At 26, while I was working in Sweden, my mother was diagnosed with cancer. I returned to Greece last year, accepting a job that pays a third of my previous salary, with less opportunity for advancement. One of the main reasons for my return was to be closer to my mother as her health declined more rapidly than we had anticipated. I don’t live with my parents, nor am I her primary caregiver, but I wanted to be there for her — to accompany her to doctor’s appointments, share a cup of coffee, or simply go for a walk. If the need arises, I am prepared to take on their full-time care. Fortunately, my parents are financially secure and have the means to hire a caregiver. I anticipate that if that time comes, we will jointly share the caregiving responsibilities with a professional.
I don’t want to overstate the situation. My father is doing well, and there’s hope that my mother may recover to some extent, or so we’ve been told.
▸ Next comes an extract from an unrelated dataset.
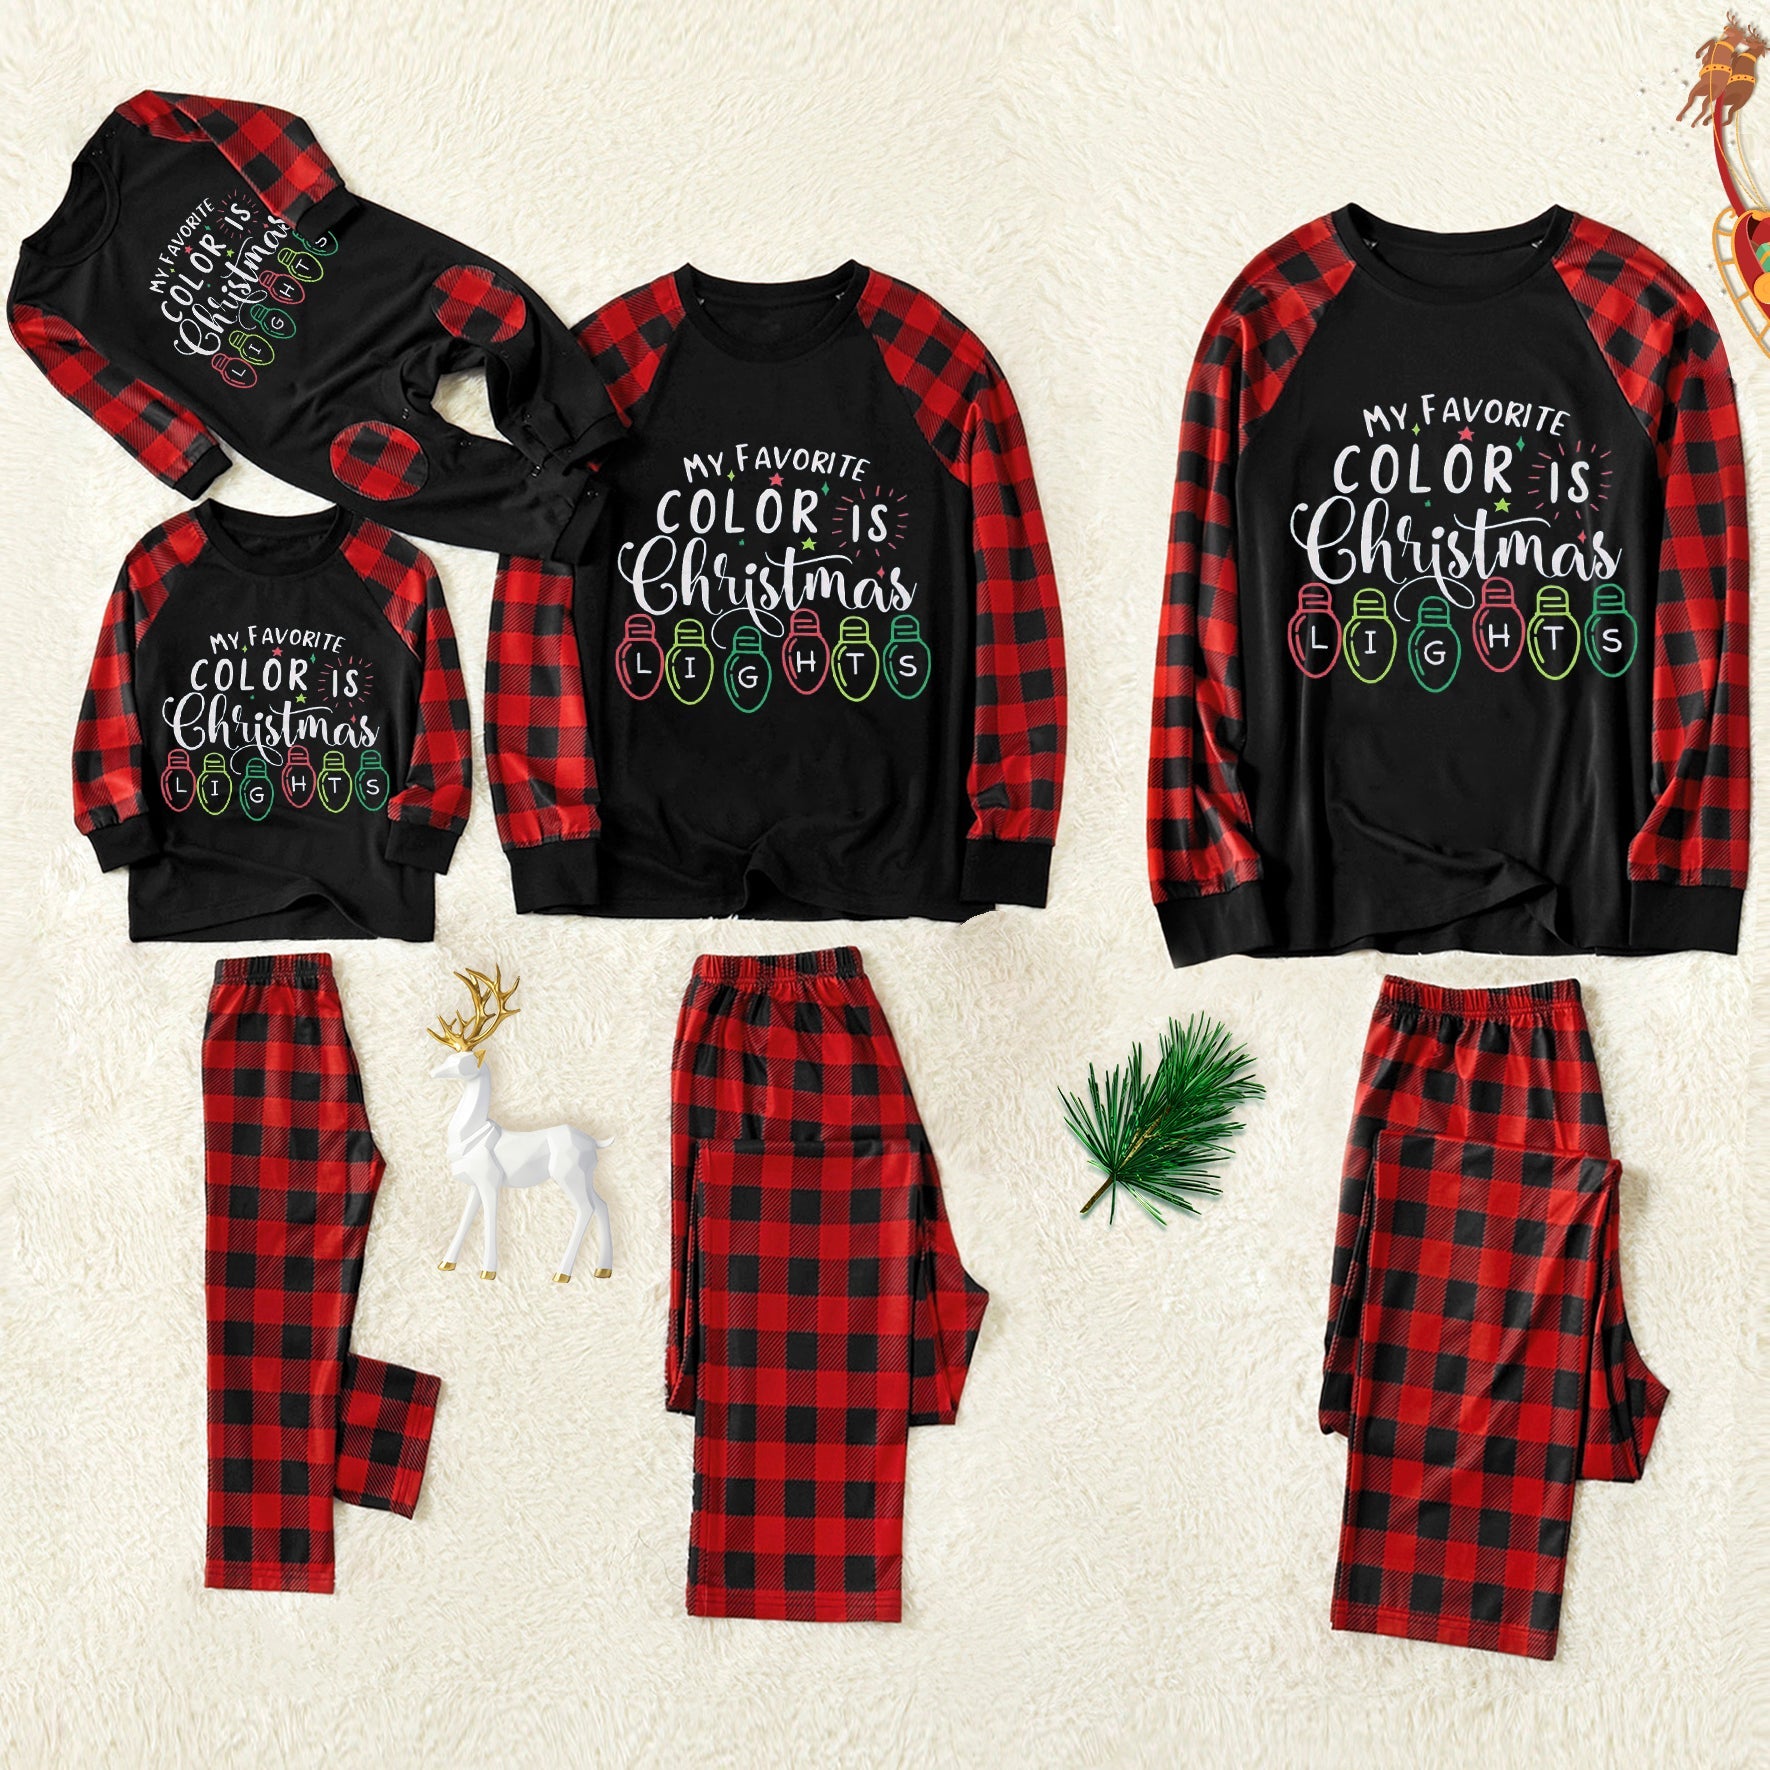 'My Favorite Color is Christmas Lights' Letter Print Light Bulb Patterned  Contrast Black top and Black & Red Plaid Pants Family Matching Pajamas Set With Dog Bandana
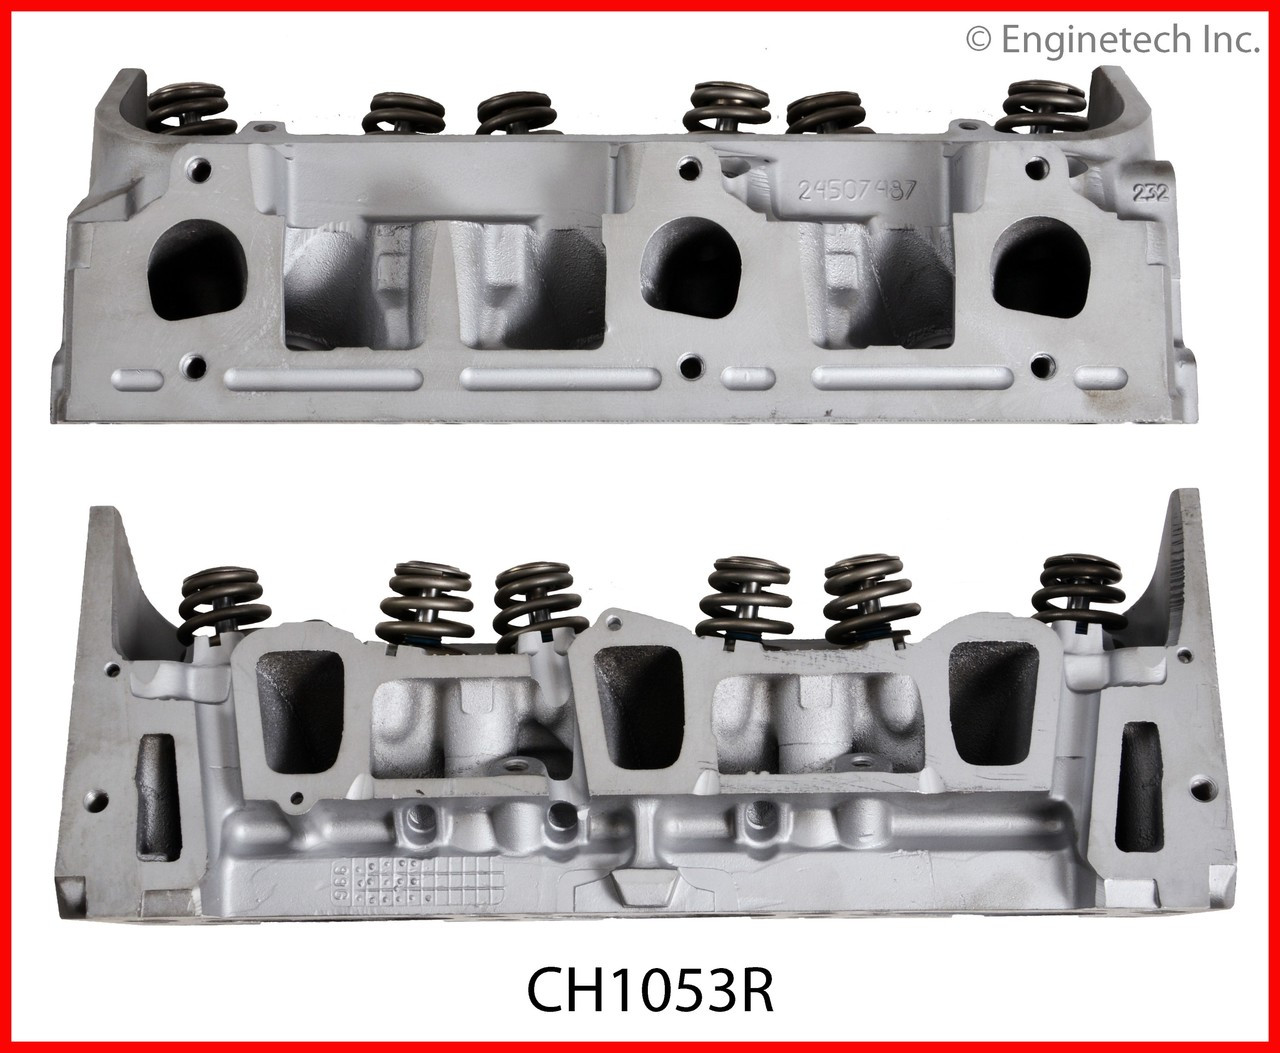 2001 Chevrolet Venture 3.4L Engine Cylinder Head Assembly CH1053R -18

I had worked hard to establish a life abroad that suited me, so it’s not anxiety that I feel about caring for my parents. It’s more a sadness for the life I’m leaving behind, and a hope to return to it if circumstances permit. I’ve considered the emotional toll, and know that the guilt I’d feel if anything were to happen to my mother while I was out of the country would be unbearable. Despite my parents’ insistence that I live my own life, I feel a strong sense of responsibility. They gave me the world, and the least I can do is be there for them when they need me most.